New product R+D – mainly optical!

The latest Cryptospiridium scare in Northamptonshire produced a plea from GB Environmental that the use of UV disinfection systems should be reviewed in the UK, following the lead of the US (and various other EU countries) where potable water use of the technology is widely accepted. Many such case studies have been reported, for both drinking water and pharmaceutical pure water applications (Link). Another health topic comes from the University of Southampton report on the positive effects copper surfaces have on eliminating C.diff bacteria: whether this is ‘process industry’ related I’m not quite sure, but it interested me.

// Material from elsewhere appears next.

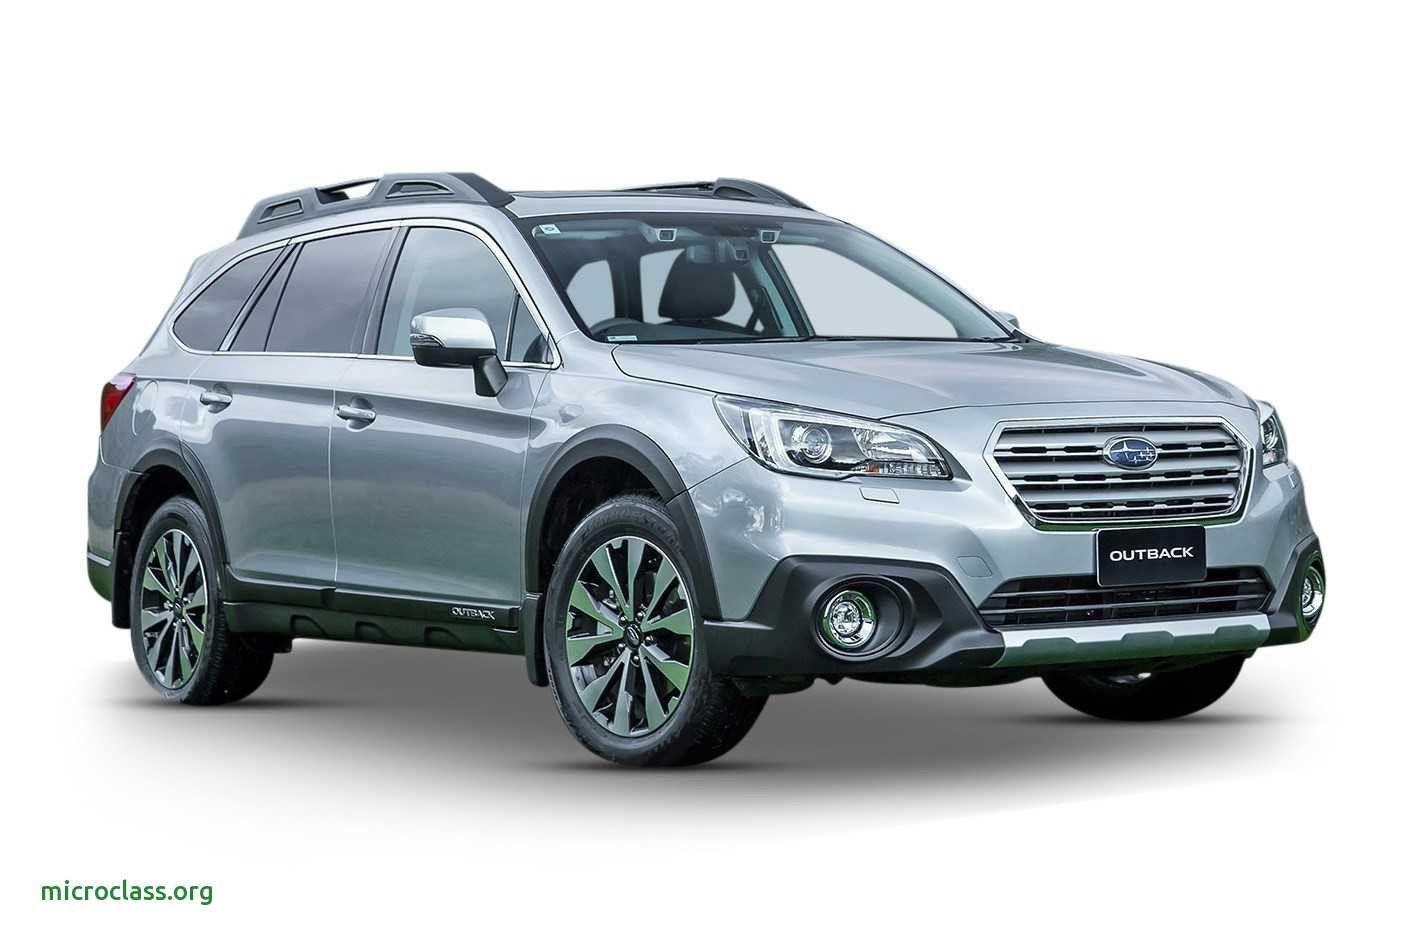 2019 toyota Rav4 Subaru outback, Toyota suv, Toyota rav4

With the news this week that Physics is a dying subject in UK schools, with apparently no teaching capability even if the students had an interest in the topic, it is good to see so many reports on optical techniques and spectrometry being used to monitor materials and processes. A recent ABB report reviews the use of their FTIR spectroscopy equipment in satellites, semi-conductors, pharmaceuticals and gasoline blending (Link), and Wyatt Technology announce their annual meeting of light scattering users and researchers, to be held in October (Link). Malvern Instruments describe the use of their Insitec laser diffraction technology to monitor particle size on-line in a wet clay suspension, for process control on porcelain tile production (Link). To be fair I don’t yet know what microplate luminescence is, but Charm Sciences say it can be used to detect spoilage in samples from beverage products (Link): maybe they will also supply a technical article describing some of their other products, that are quoted to rapidly predict the hygiene status of surfaces and rinse waters in seconds. Another similar product is reported by SafeSol, offering a water disinfection system to control legionella and other ‘nasties’ in building water supplies, (Link).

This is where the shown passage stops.